## Instructions to follow
An exact repetition of the data below, without images, is the expected answer.

## The data
◆ ◆ ◆ ◆ ◆
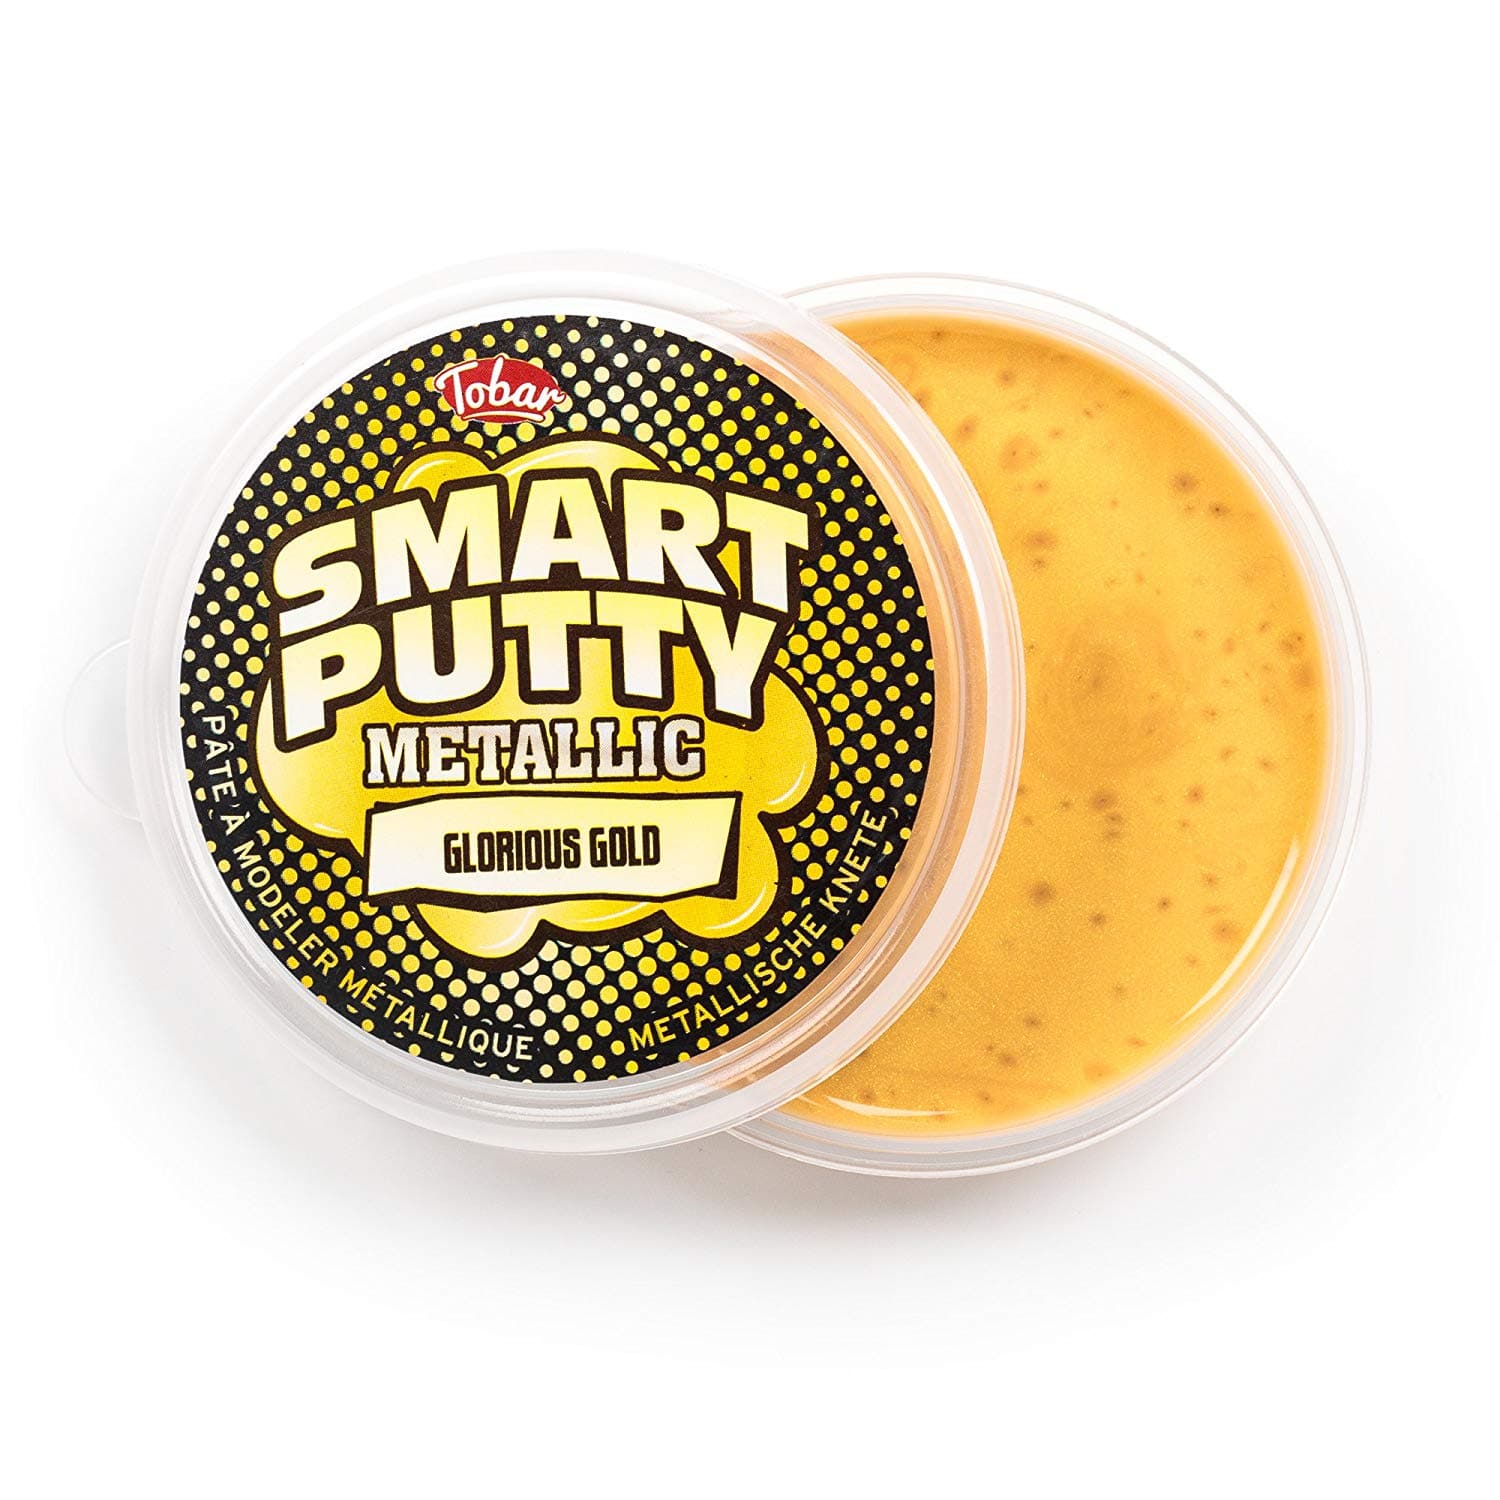 Mini Smart Putty, The Mini Smart Putty is the perfect pocket-sized toy that offers an incredibly fun and interesting tactile experience. This tiny pot of putty allows you to unleash your creativity and have hours of endless fun.With this putty, the possibilities are endless. You can mold it into any shape you desire, stretch it to your heart's content, and even bounce it like a rubber ball. The Mini Smart Putty is incredibly flexible and pliable, allowing you to create unique and impressive designs.One of t
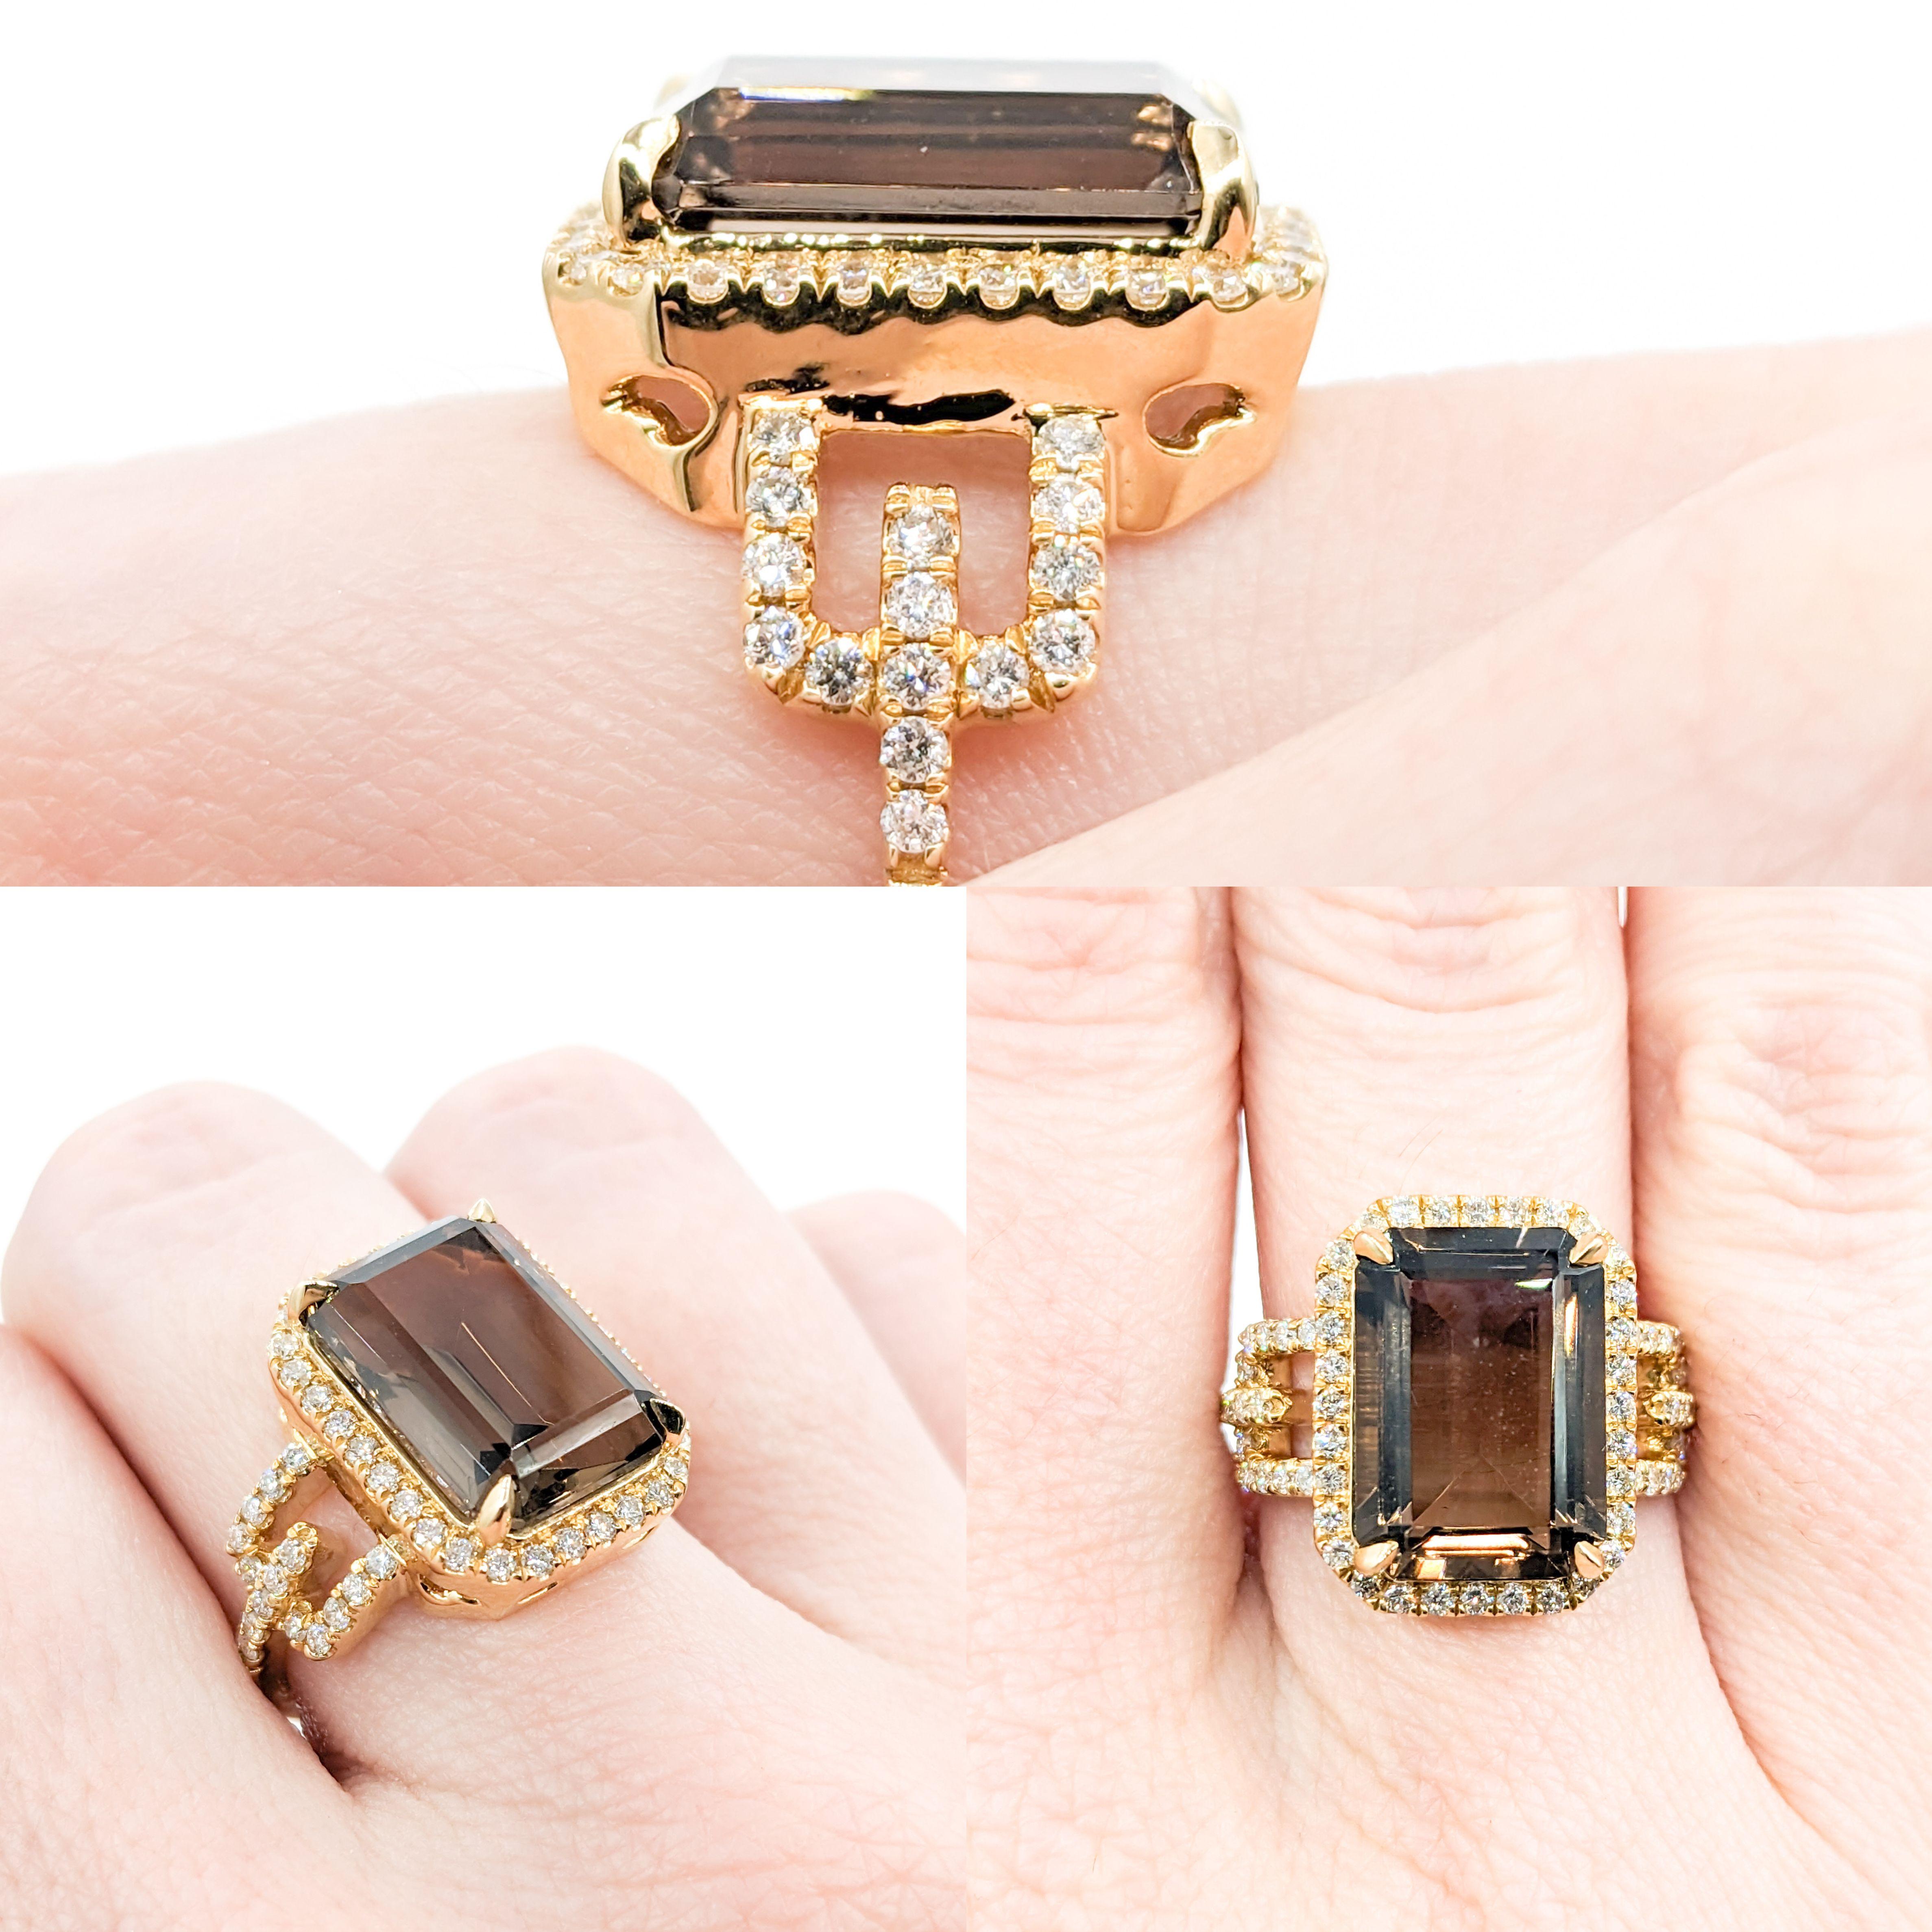 6.66ct Smoky Quartz & Diamond Ring In Yellow Gold

Embrace elegance with this gorgeous Smoky Quartz ring, delicately crafted in 14k yellow gold. This show-stopping ring boasts a magnificent 6.66 carat smokey quartz at its heart. The stone has a
◆ ◆ ◆ ◆ ◆
## Task response
 Mini Smart Putty, The Mini Smart Putty is the perfect pocket-sized toy that offers an incredibly fun and interesting tactile experience. This tiny pot of putty allows you to unleash your creativity and have hours of endless fun.With this putty, the possibilities are endless. You can mold it into any shape you desire, stretch it to your heart's content, and even bounce it like a rubber ball. The Mini Smart Putty is incredibly flexible and pliable, allowing you to create unique and impressive designs.One of t
 6.66ct Smoky Quartz & Diamond Ring In Yellow Gold

Embrace elegance with this gorgeous Smoky Quartz ring, delicately crafted in 14k yellow gold. This show-stopping ring boasts a magnificent 6.66 carat smokey quartz at its heart. The stone has a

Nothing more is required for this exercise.